DECEMBER 15, 2005
VOLUME 2 NO. 21

PATIENTS & PRACTICE

Men born "immature" at risk for high BP

Largescale study reveals stunning risk in grown-up preemies


The rise in preterm births

According to 1996 Health Canada statistics, preemie rates in this country went up to 7.1 per 100 births in 1996 from 6.4 in 1981. More recent figures from the 2000 Canadian Perinatal Health Report show that by the turn of the century, that figure had crept up to 7.5.

The boost in preterm birth rates is due to many factors, including the increased survival rate of preterm babies thanks to improved ultrasound technology and other early obstetric interventions.

Even though preterm births are seen as one of the industrialized world's most significant perinatal health problems, current comparative data is hard to find. Canadian rates mirror those of other industrialized countries with the striking exception of the US, where the rate was 11%.

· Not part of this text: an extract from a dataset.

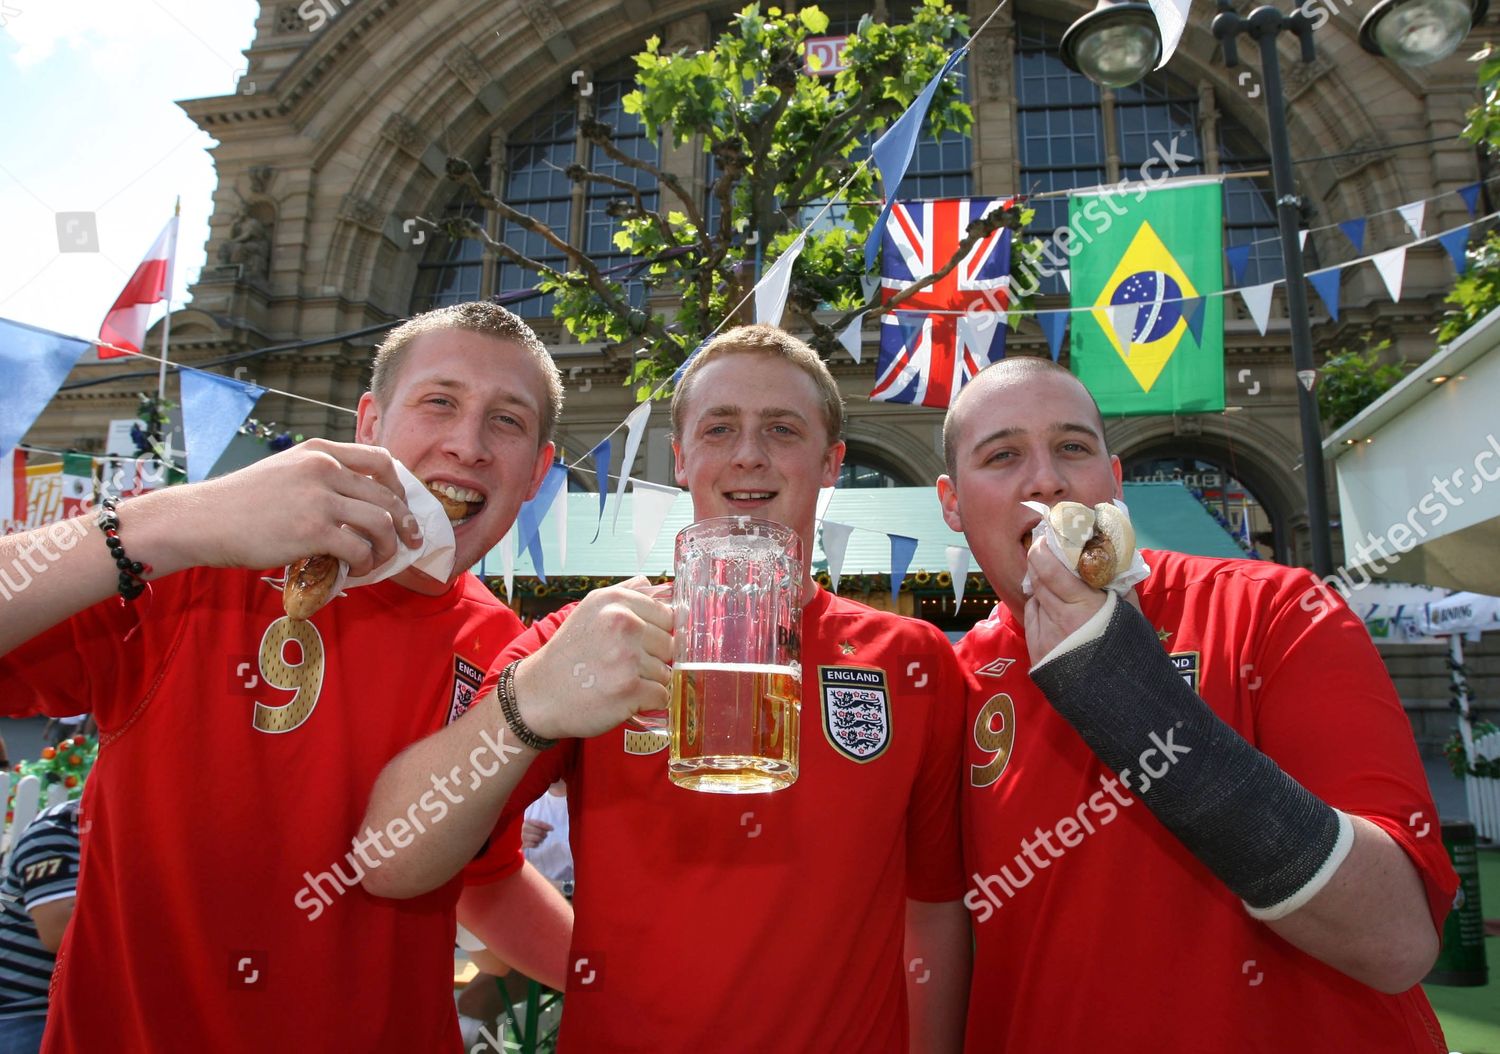 England Football Fans Bratwurst Beer Outside Hauptbahnhof Redaktionelles Stockfoto Stockbild Shutterstock

The very high US rate could be explained by the marked differences in preterm birth rates between non-Hispanic whites and non-Hispanic blacks — 17.4% of live births to black women were preterm versus 9.8% for whites.

Preterm babies have always faced greater health problems. A new Swedish study published in the November 29 issue of Circulation indicates that for men born prematurely, the risks of high blood pressure later in life skyrocket.

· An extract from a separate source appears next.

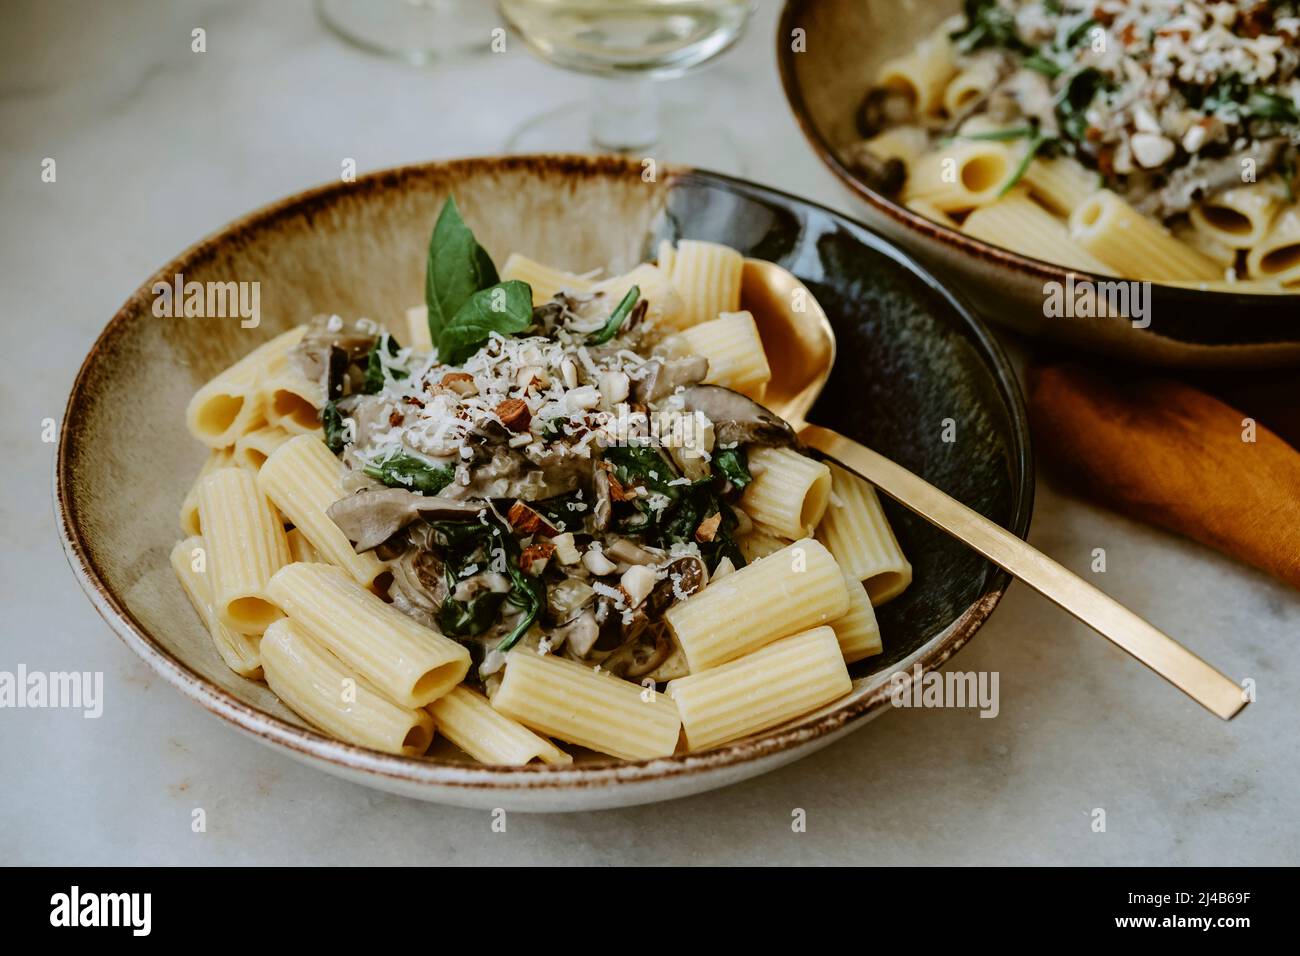 Rigatoni Nudelgericht, mit Creme, Pilz, Spinat, Mandel und geriebenem Parmesan, in handgefertigten Tellern und einem Glas Weißwein, auf einem Marmortisch Stockfoto

Sweden and Canada have a similar percentage of preterm births — roughly 7%. "In this study, preterm birth was identified as a new and very early risk factor for high blood pressure," explained neonatologist Dr Stefan Johansson, the study's lead author from Karolinska University Hospital in Stockholm.

Study participants were predominately Caucasian and Nordic born. The study involved an impressive 329,495 men born between 1973 and 1981; their blood pressure was measured when they were drafted for military service between 1993 and 2001.

STAGGERING FINDINGS
"The association between preterm birth and high blood pressure is unlikely to be explained by family history or genetic factors," observed Dr Johansson. "Instead, early environmental challenges faced by the premature baby may affect development permanently, contributing to higher blood pressure in adulthood."

The figures are staggering. Compared to full-term babies (37-41 weeks), extremely preterm (< 29 weeks) had almost twice the risk of high systolic blood pressure. Men considered very preterm (29-32 weeks) had a 45% increased risk; the moderately preterm (33-36 weeks) had a 24% risk. (High BP was defined as systolic pressure of 140mm Hg or greater and diastolic pressure of 90 mm Hg or greater.)

Additionally, babies born small for their gestational age showed a 10% increased risk of high systolic BP versus those born at normal weight.

According to Dr Johansson, this is the biggest study of its kind and includes subjects who were born during evolving neonatal care. Most studies which link low birth weight to cardiovascular diseases were based on participants who were born at a time when most very preterm babies died.

Dr Robert Usher, neonatologist at Mont-real's McGill University Health Centre, agrees, saying he's impressed both by the scope and design of this largescale study. "It's the first major study based on gestational age rather than low birth weights," he said.

Dr Johansson added that the study's findings are important in that they offer preterm men a chance to act early. "I believe that very preterm born children should have their blood pressure checked during their clinical follow-up programs," he said. "It may also be even more important for people born preterm to have a healthy lifestyle and to manage known risk factors of cardiovascular disease, such as smoking."